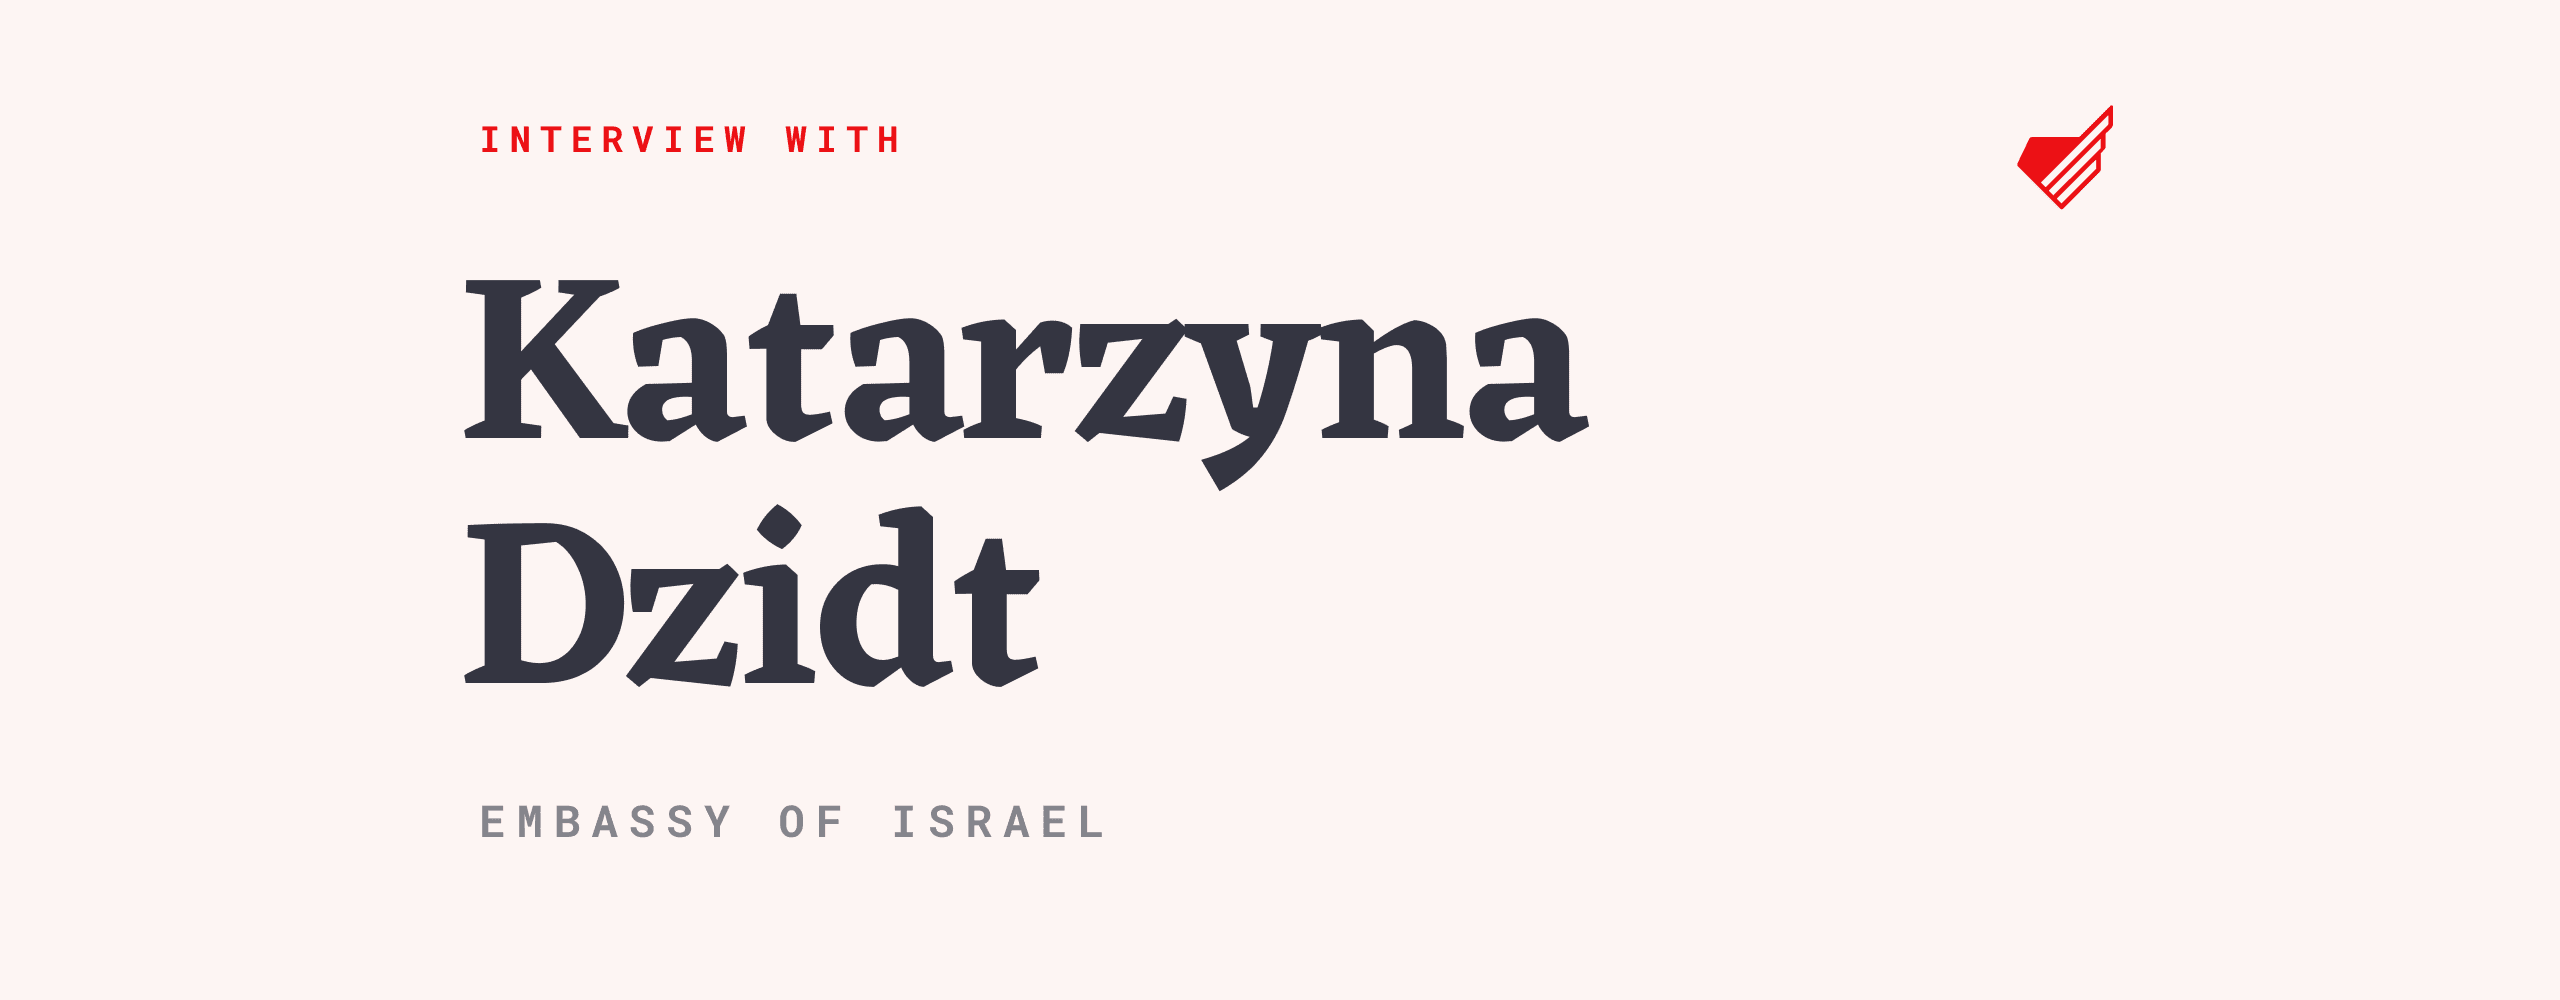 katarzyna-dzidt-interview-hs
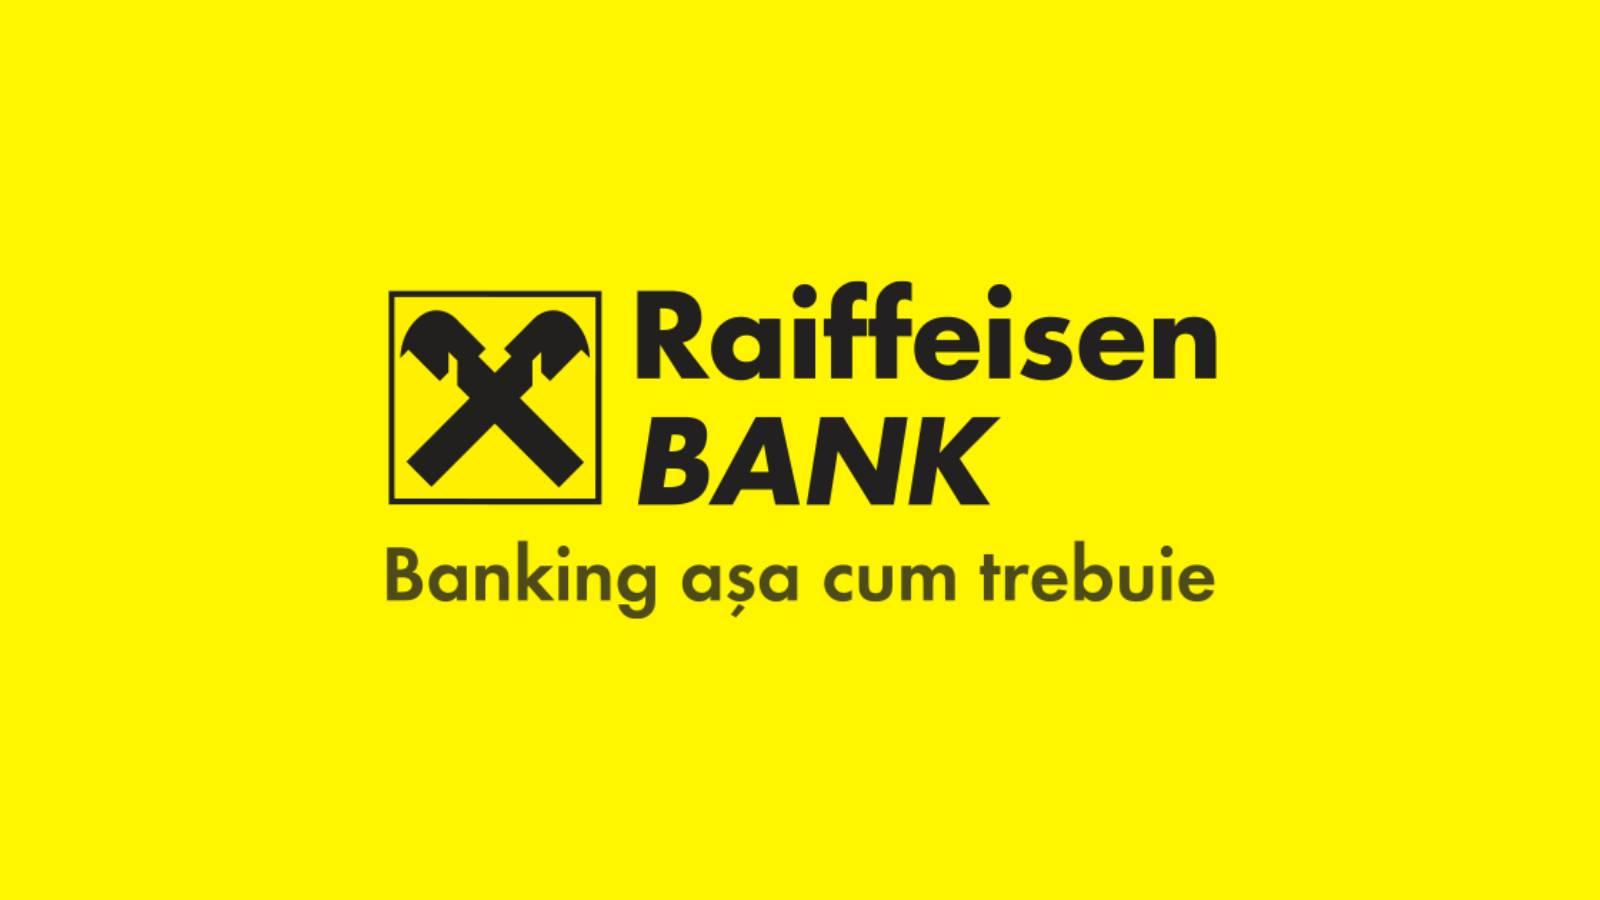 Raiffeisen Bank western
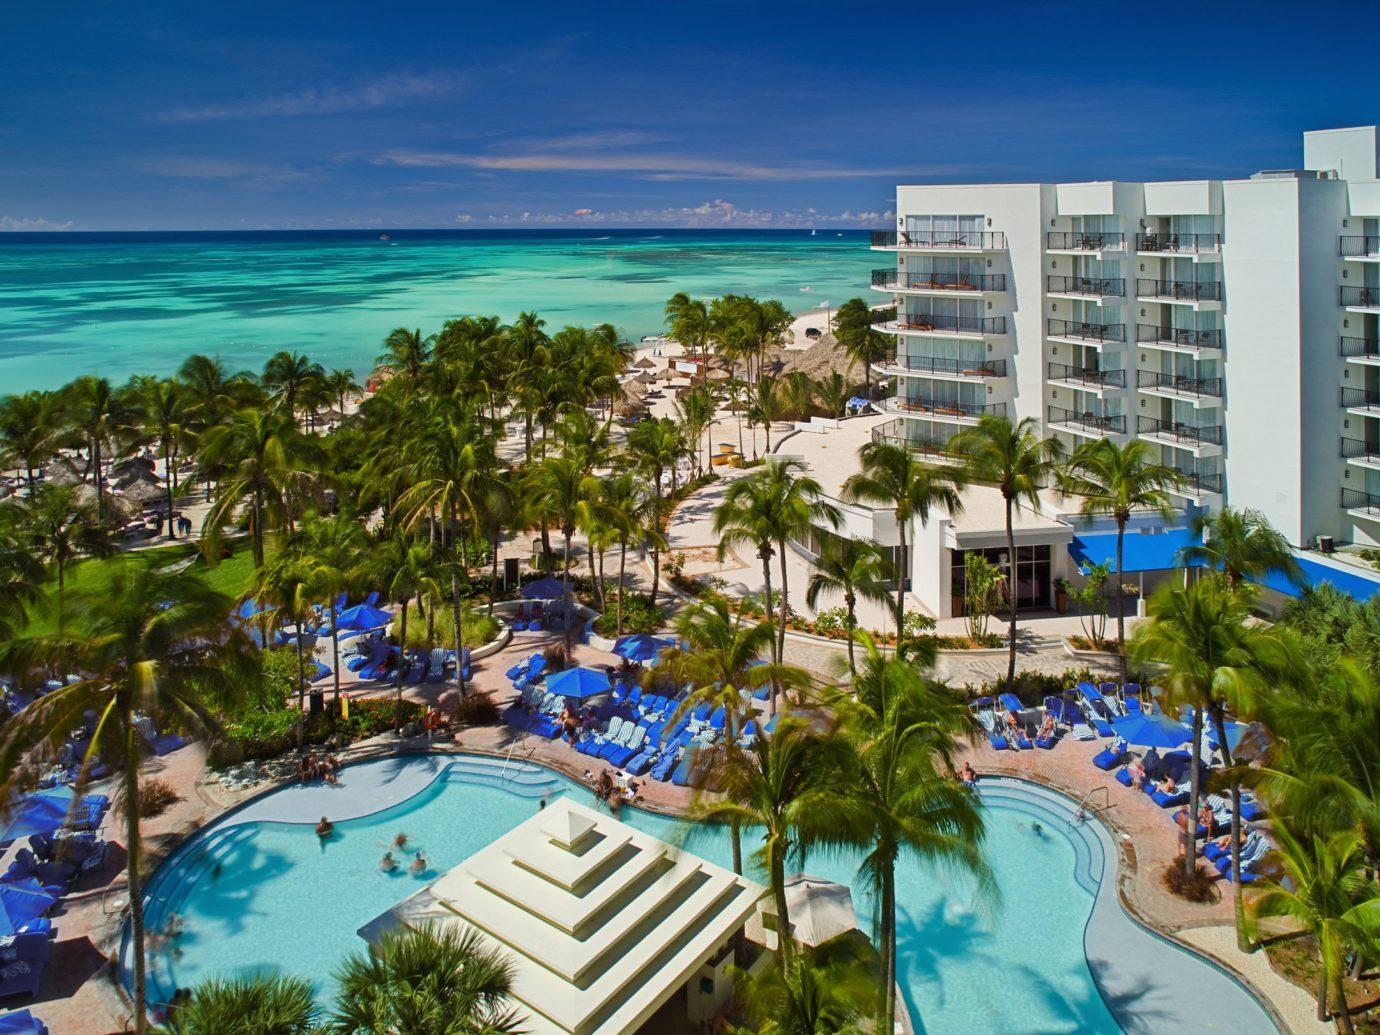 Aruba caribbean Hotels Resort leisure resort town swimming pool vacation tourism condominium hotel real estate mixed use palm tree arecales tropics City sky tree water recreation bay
........
Each line above must be set down exactly, though no picture should be carried over.

 katarzyna-dzidt-interview-hs
 Raiffeisen Bank western
 Aruba caribbean Hotels Resort leisure resort town swimming pool vacation tourism condominium hotel real estate mixed use palm tree arecales tropics City sky tree water recreation bay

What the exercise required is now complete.